PROBLEM REQUIREMENTS:
Leave every image out, and print the remaining lines below exactly.

INFORMATION PROVIDED:
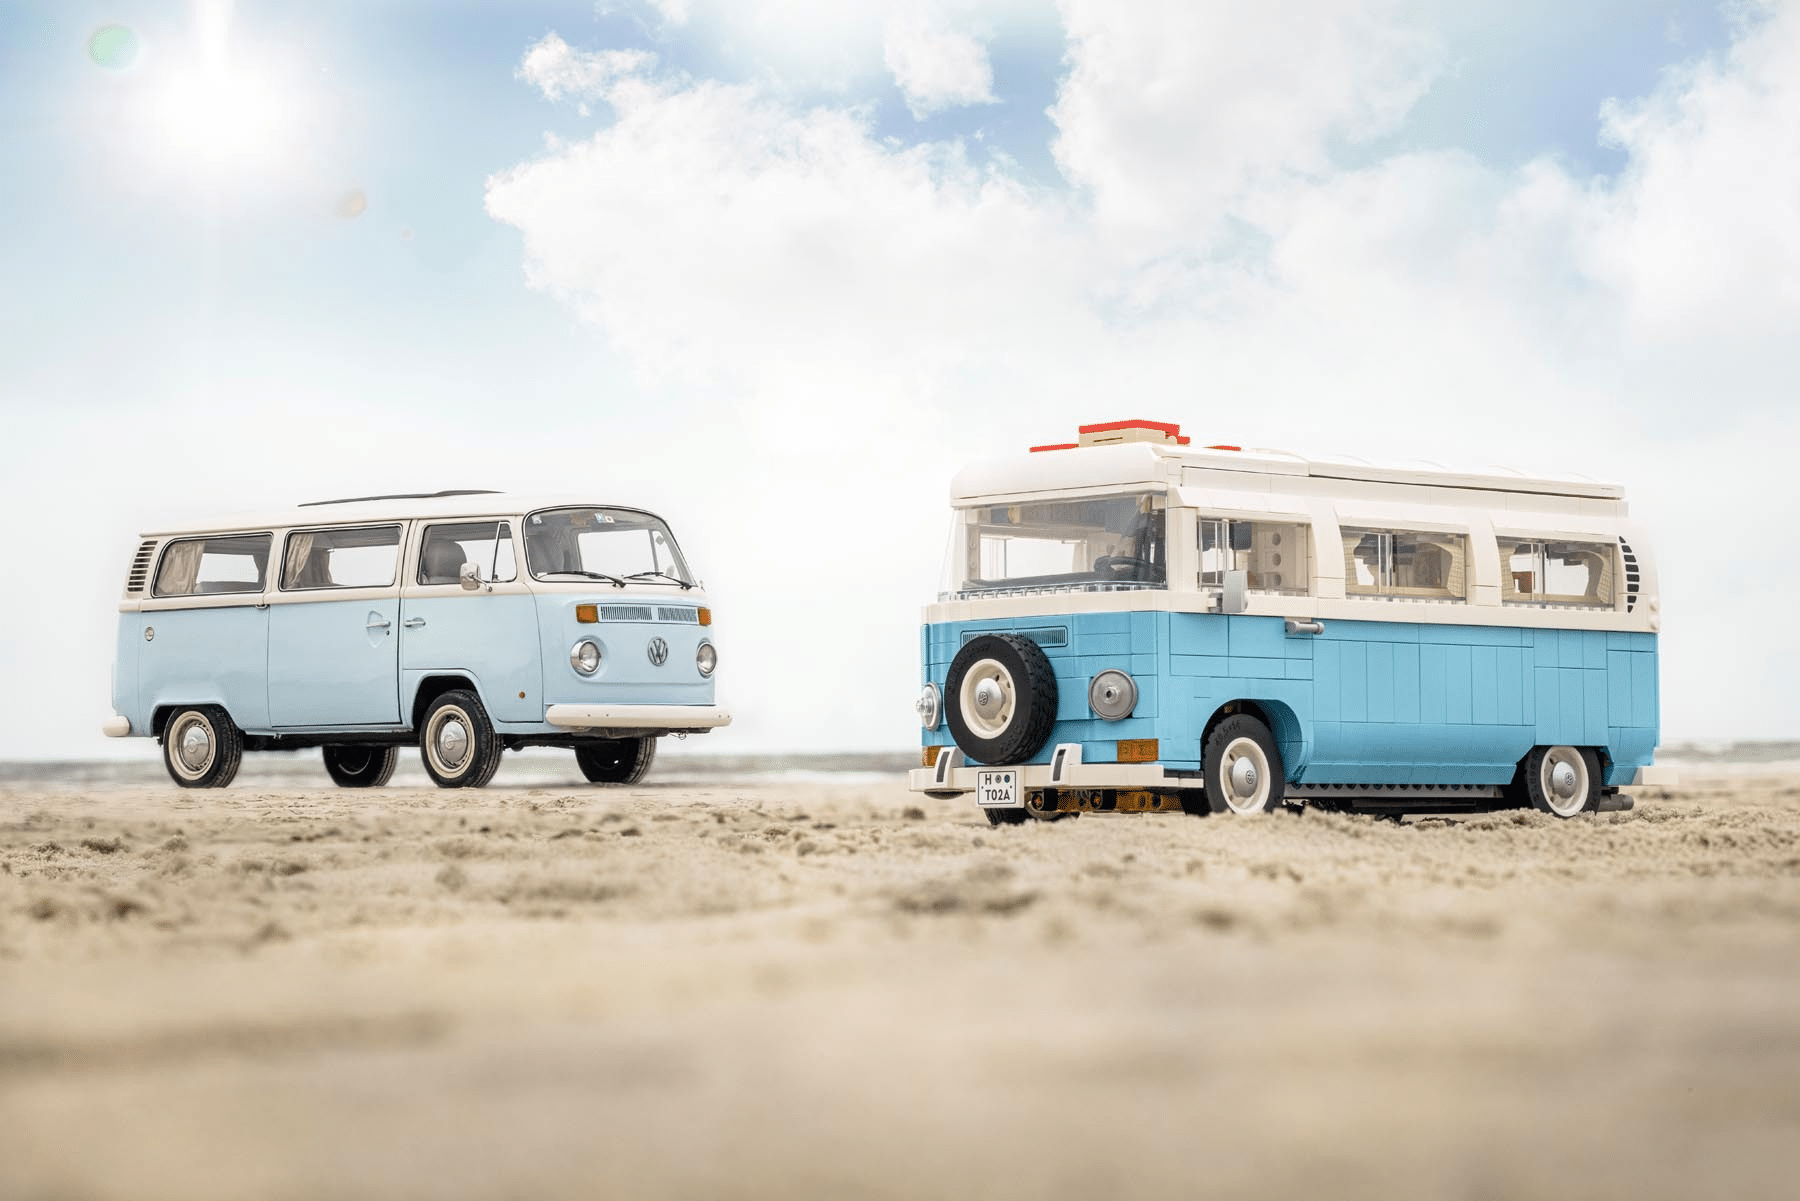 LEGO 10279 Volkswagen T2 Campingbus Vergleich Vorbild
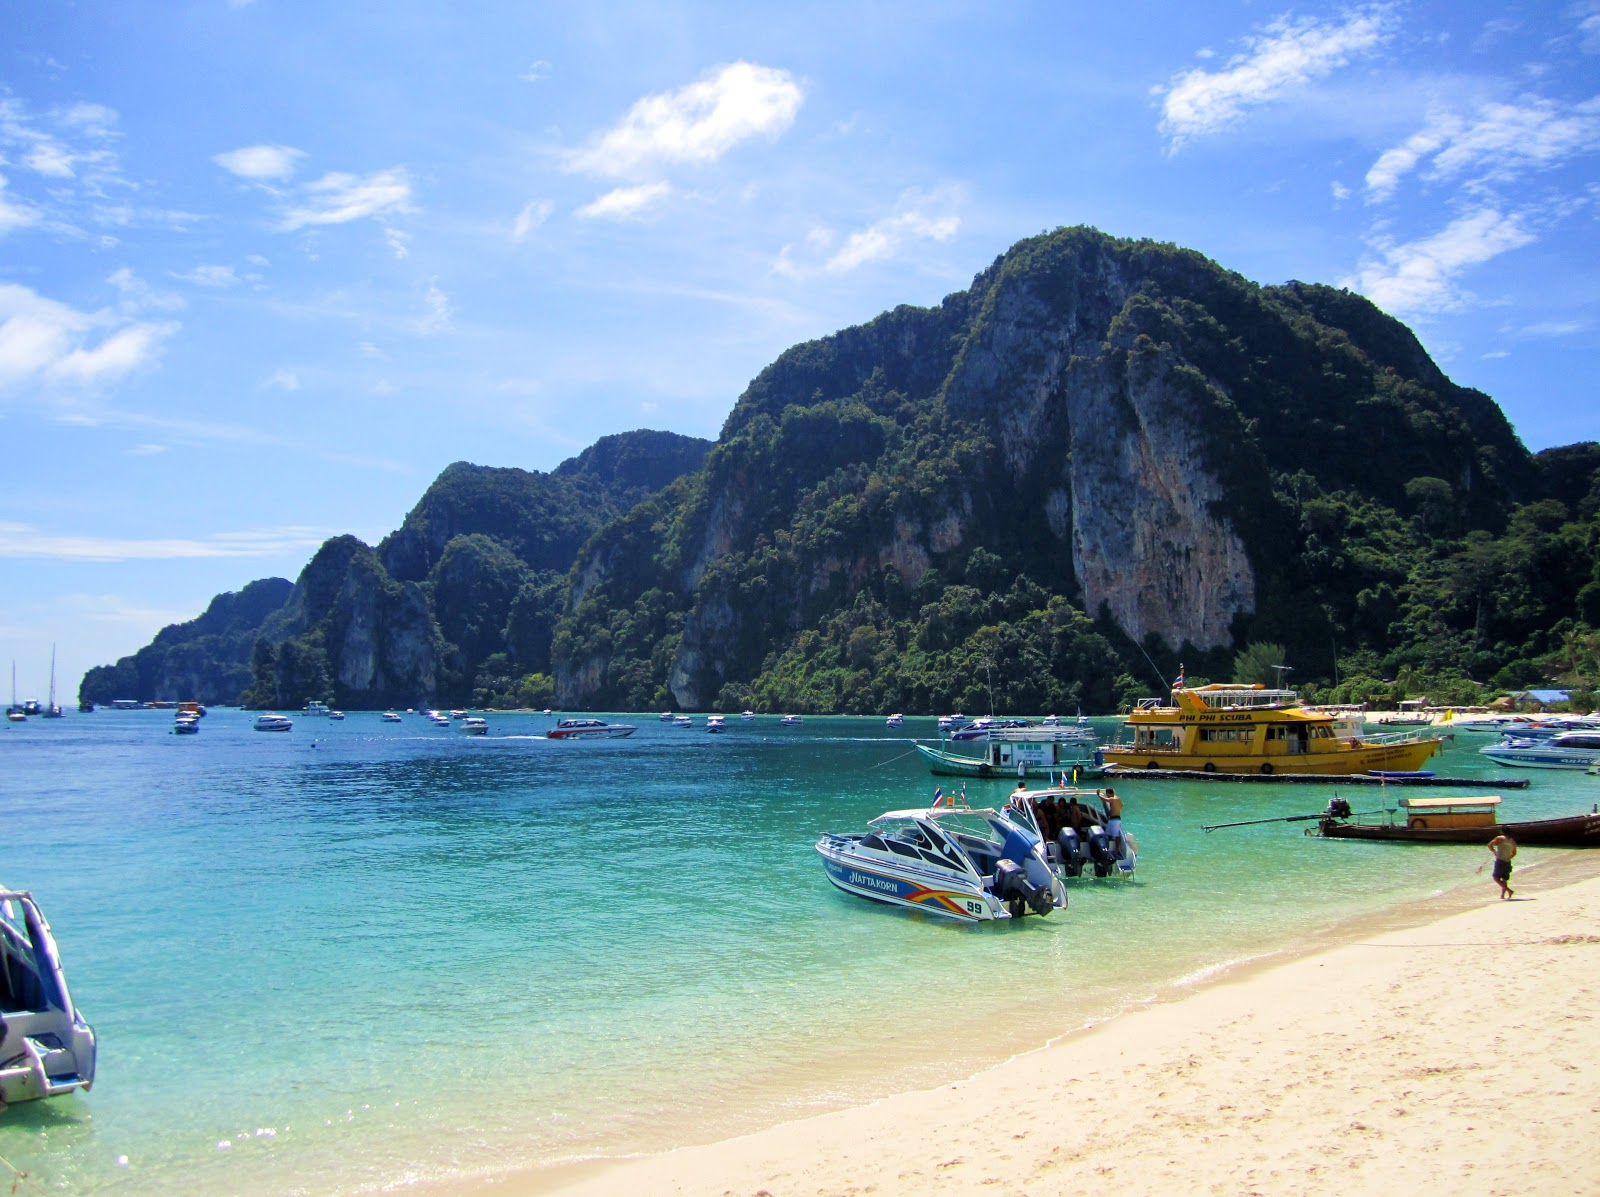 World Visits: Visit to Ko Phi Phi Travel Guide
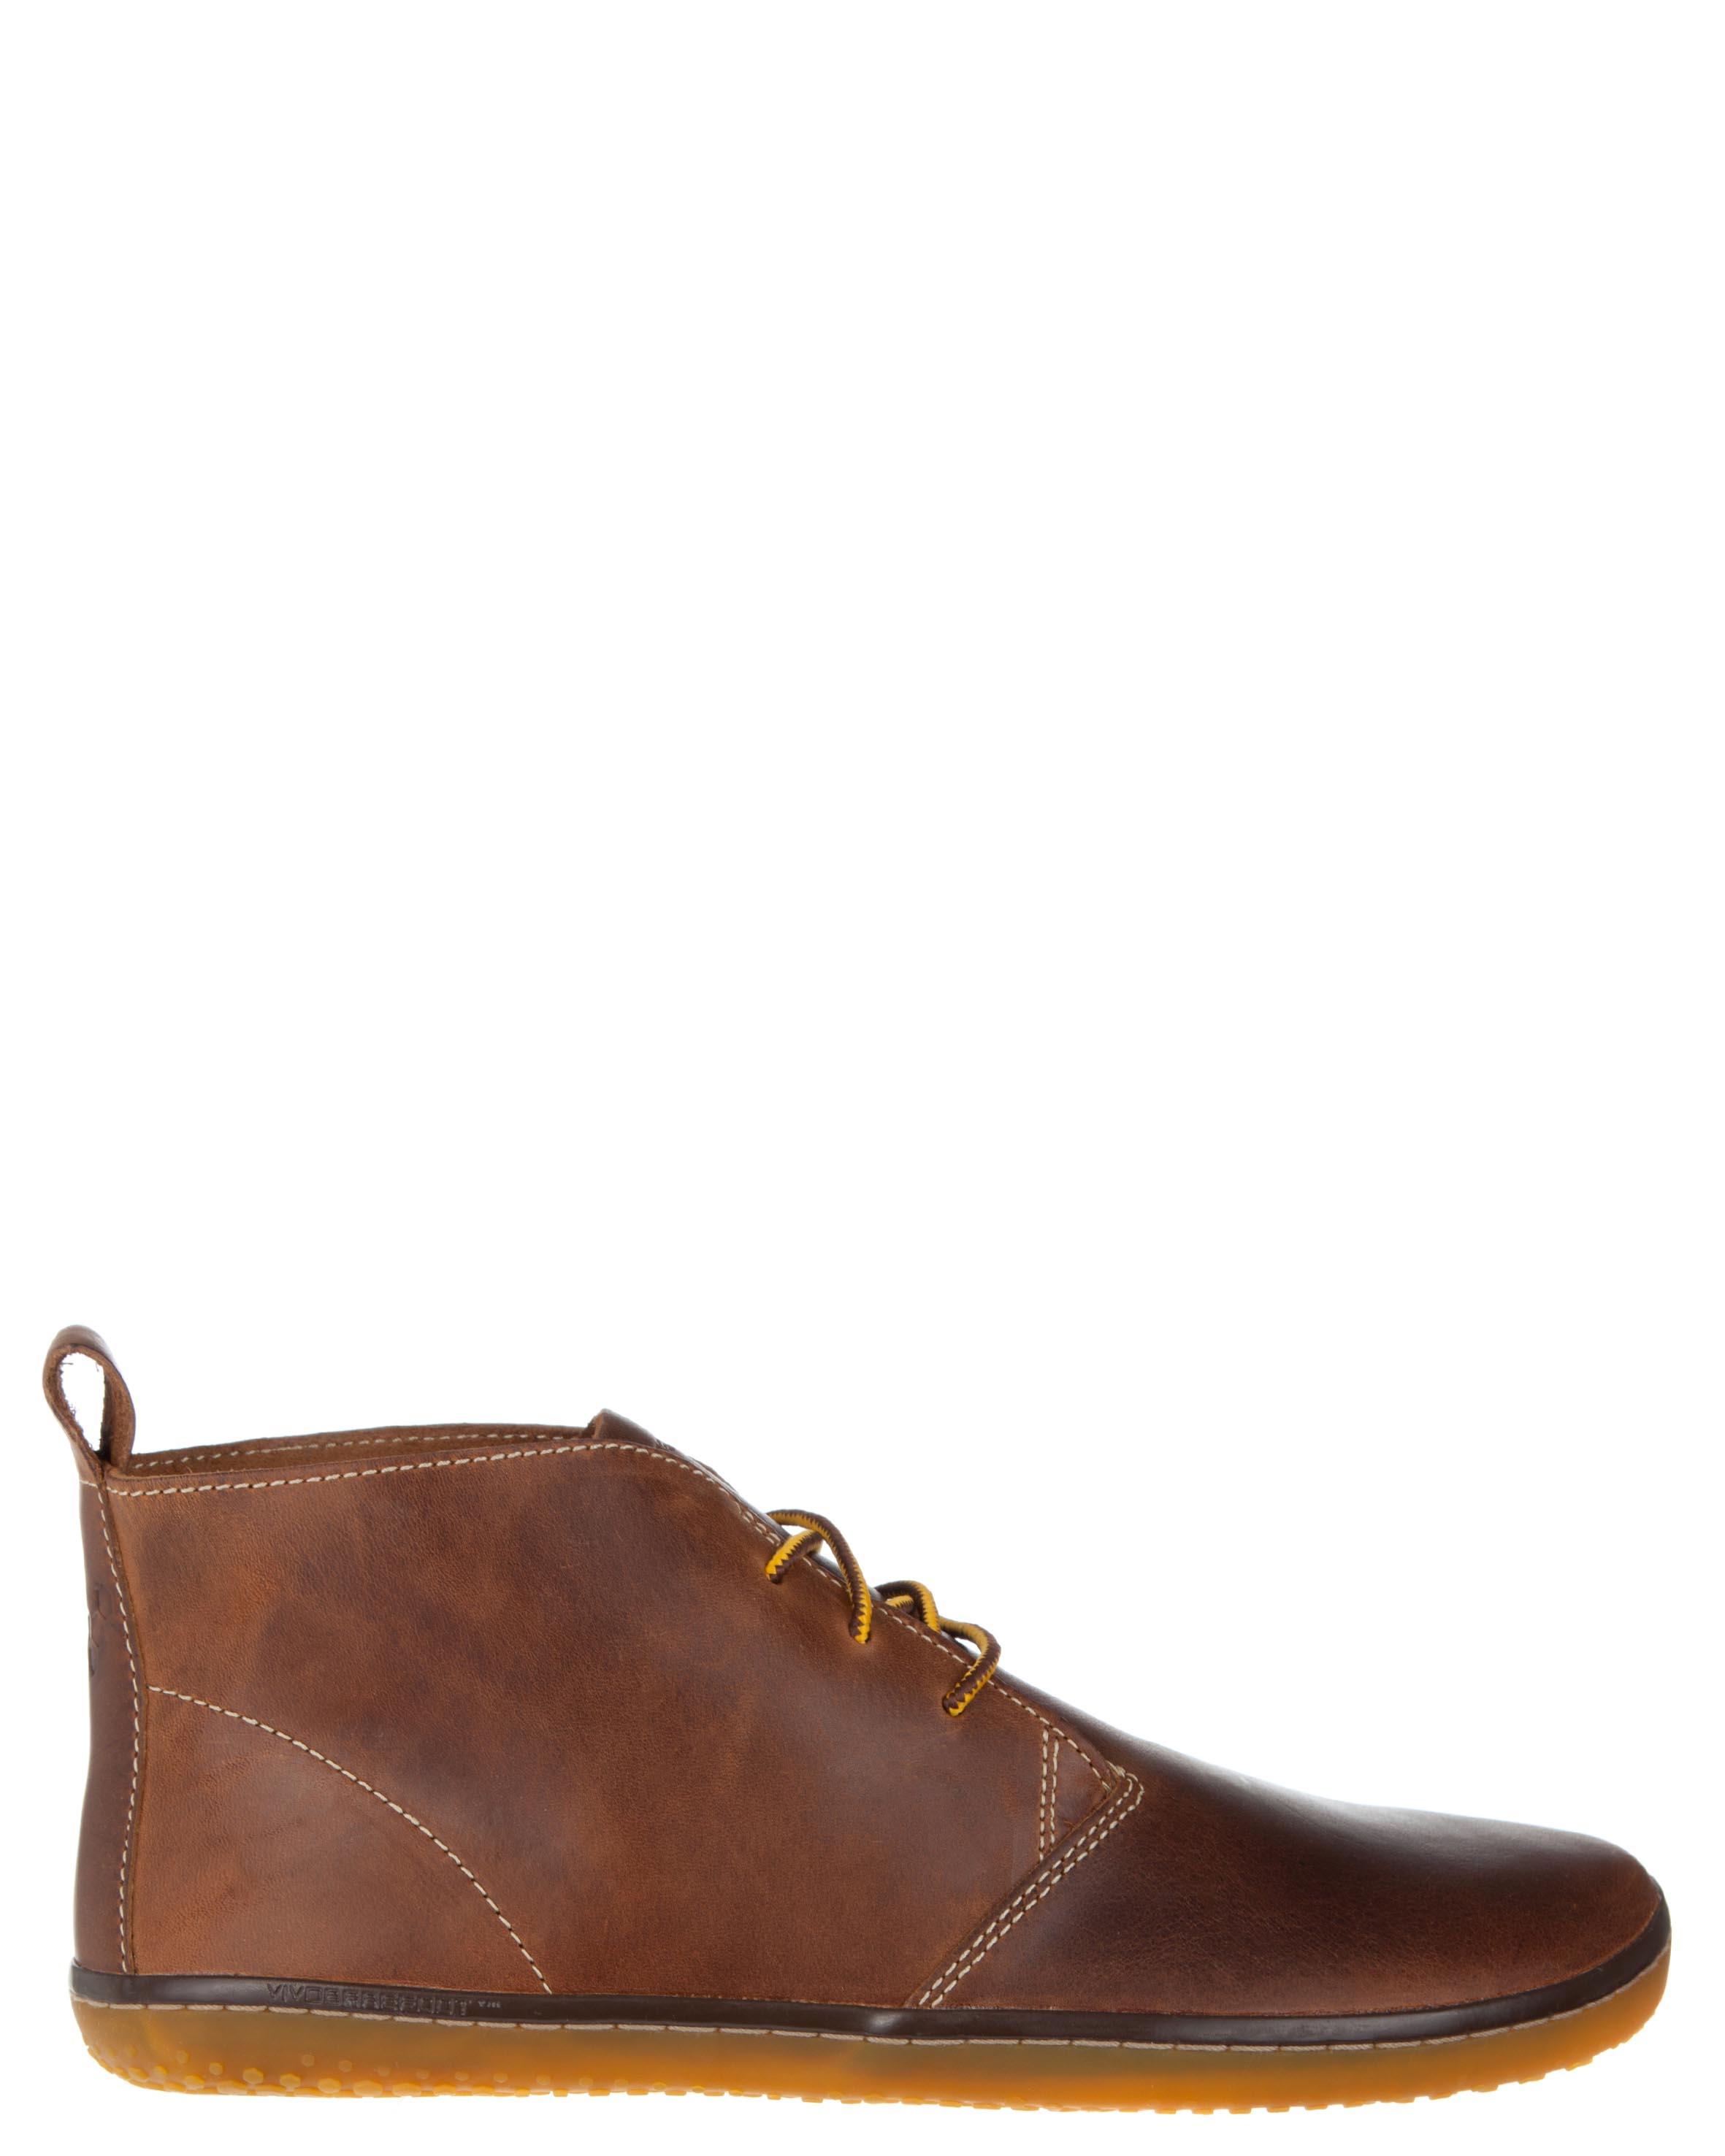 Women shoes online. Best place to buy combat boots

RESULT OF THIS TASK:
 LEGO 10279 Volkswagen T2 Campingbus Vergleich Vorbild
 World Visits: Visit to Ko Phi Phi Travel Guide
 Women shoes online. Best place to buy combat boots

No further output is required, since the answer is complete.